Я сделала шаг к Рите. Она не отпрянула. Ее грудь в вырезе платья поднималась, быстро дыша, рядом с моей.
- Можешь прекратить свой идиотский счет, Рита. Это ты мне скажешь… - Мысль металась. А слова находились единственные. - Это ты мне скажешь, кто убил Евгения Лисовского.
И опять наши глаза скрестились. Мне почудилось - зрачки звякнули друг о друга, как ножи.
- Умная девочка, - процедила она сквозь зубы, - хорошая девочка. Варит головка. Разбирается. - Я видела - она смутилась. И быстро, мгновенно овладела собой. Так, здесь слабое место. Убийство Жени Лисовского что-то значит в ее жизни. Запомнить это. - Не хочешь говорить - не надо. Мы сами все узнаем. За тобой организована хорошая, вполне профессиональная слежка, девочка. Ты же дилетантка. Ты же щенок. Ты проколешься при первом удобном случае.
Так, еще одни. Я думала, с меня хватит Горбушко. "Мы" - кто это "мы"? Скорей всего, трио.
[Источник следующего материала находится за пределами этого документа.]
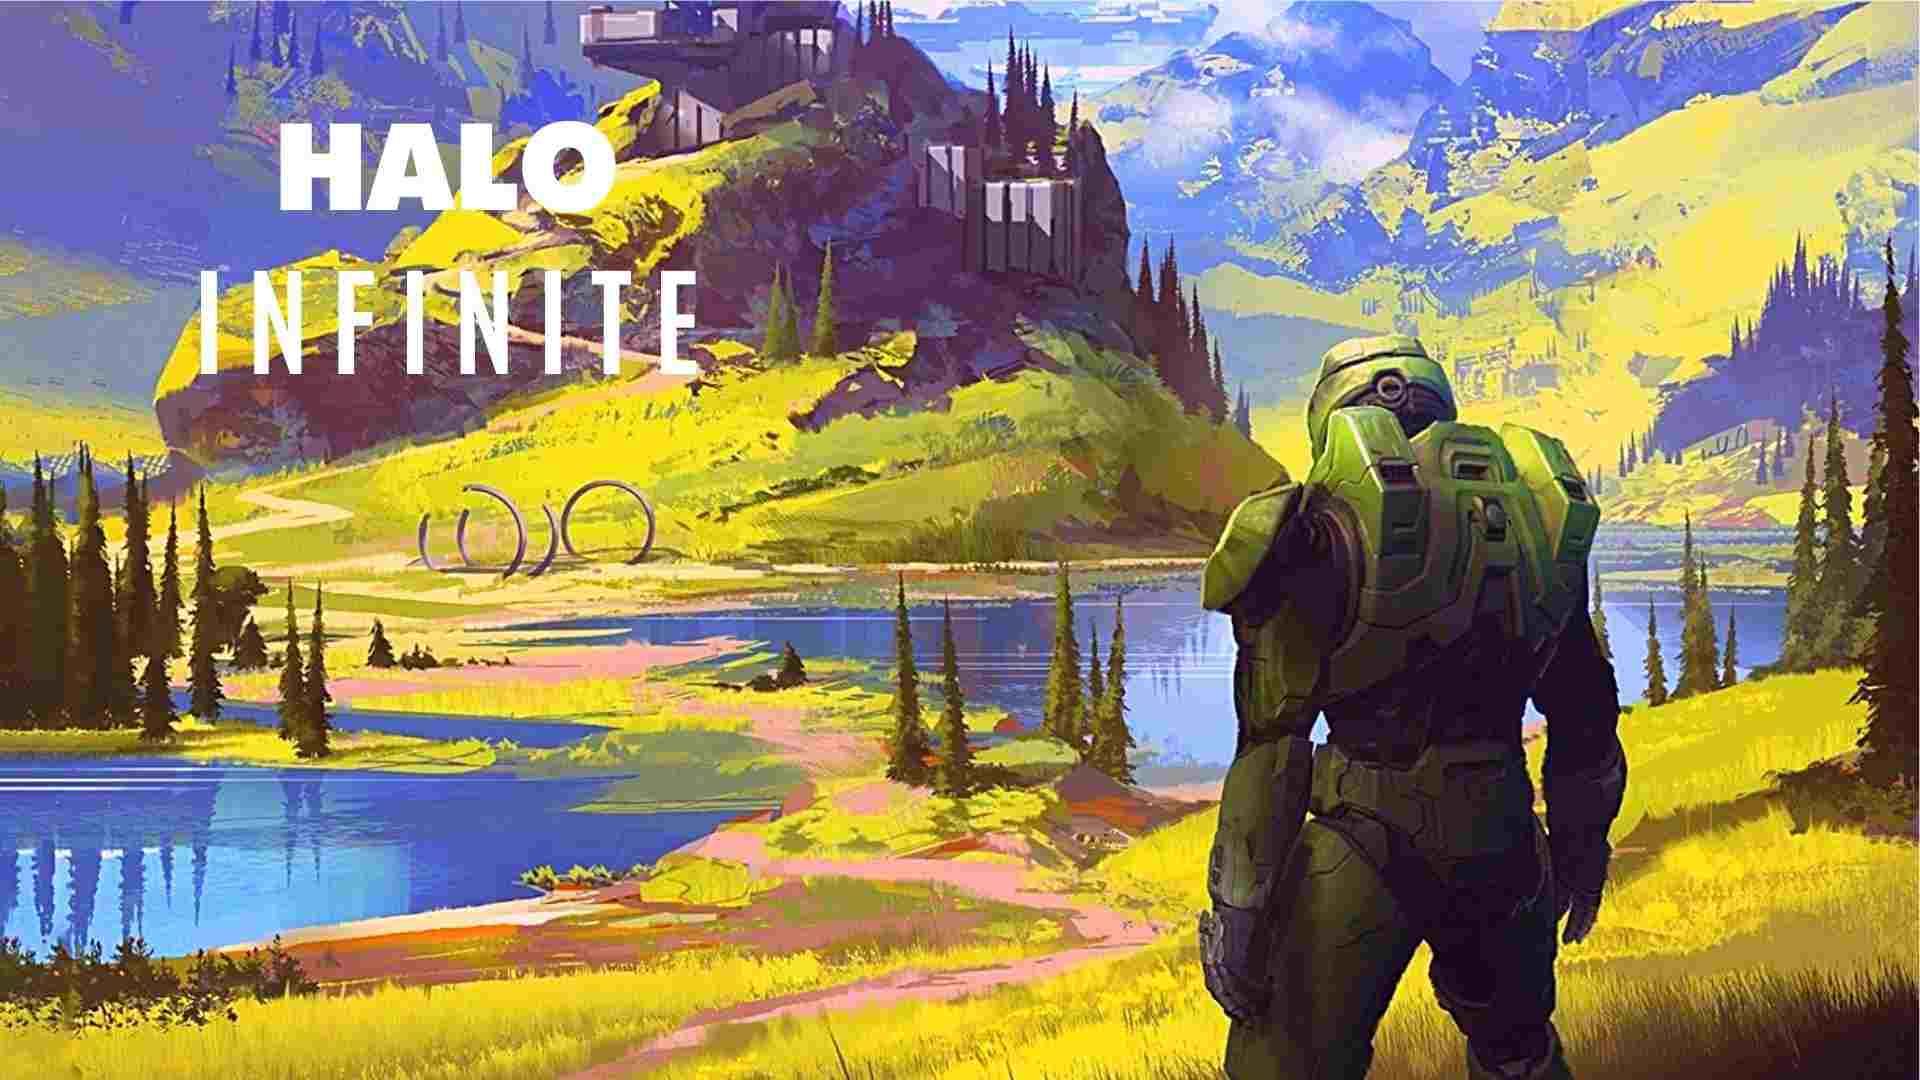 Halo Infinite Parents Guide and Age Rating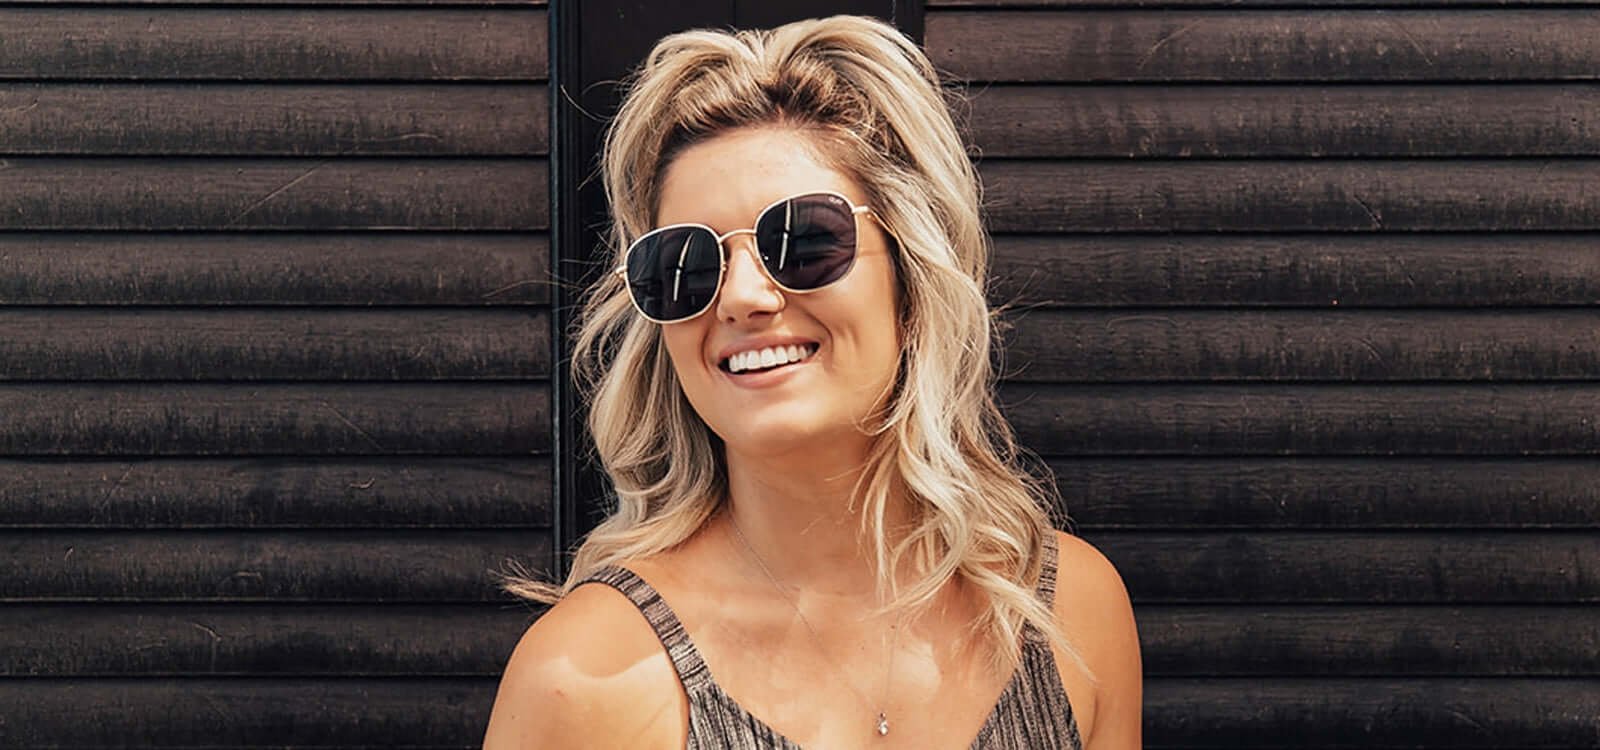 Blonde shorter hair with TYME curls and sunglasses

Связка. Бахыт - Рита - Зубрик. Да, так и есть. Так, как они стояли там, на фотографии.
- Не проколюсь. Вот увидишь.
Я попятилась к столу. Оперлась рукой о стол. Уронила открытый пузырек с духами, духи вылились на полировку, закапали на пол. Рита раздула ноздри.
- О, душишься "Climat № 5", традиционно, но пдчеркивает вкус, хвалю. - Она шагнула к столу, мазнула по столешнице пальцем, понюхала, помазала себе за ухом. - Очаровательно, но мне не идет этот запах, слишком нежный. Я баба грубая. Я танцовщица. - Она шагнула ко мне ближе, и снова ее грудь почти уперлась в мою. - Я пахну потом денно и нощно. Потому что тружусь. Ты тоже трудишься, ты тоже знаешь, что такое актерский пот. Мы обе трудяги, значит, мы поймем друг друга. - Я смотрела на ее губы, чуть растрескавшиеся, пустынно-розовые, сухие, губы испанки Кармен, бразильянки с карнавала. - Ты, гусеница! - вдруг крикнула она, и я вздрогнула. - В этом мире все важное стоит больших денег. Тебе ведь нужны деньги, так?! Не отпирайся, я поняла это, мне Бахыт сказал! Нужны, да?!
- Что врать-то, - сказала я, стараясь не отводить взгляда от ее коровьих больших глаз. - Нужны.
- Всем нужны. Зачем они тебе нужны?! Говори!
Я сама не поняла, как у меня это вырвалось: я не хотела это говорить.
- Чтобы купить квартиру и мастерскую Канату Ахметову. Ты не знаешь его. Это один художник. Он был знаменитым, потом обнищал. И потом - уехать. Уехать к чертовой матери из этой страны. И жить где-нибудь…
- На Канарах, да? На Майорке?.. В Шри Ланке?!.. Откуда ты знаешь Каната Ахметова? Кто он тебе? Говори быстро!
- Вот еще, - я вздернула плечами, - все бы тебе быстро…
И быстро, стремительно, будто молния сверкнула, Рита выхватила из-за пазухи, из-за низкого корсажа, из-за правой груди, короткий узкий острый нож.
Такие ножи прятали в волосы девушки в японских борделях, чтобы, при случае, дать отпор приставучему клиенту. Такие ножи носили в прическах персидские женщины, чтобы отбиться от врага. Все это рассказал мне тогда ночью Канат. Он много всего знал про ножи. Про древние восточные ножи. Если б он не стал художником, он бы, наверное, стал оружейным мастером.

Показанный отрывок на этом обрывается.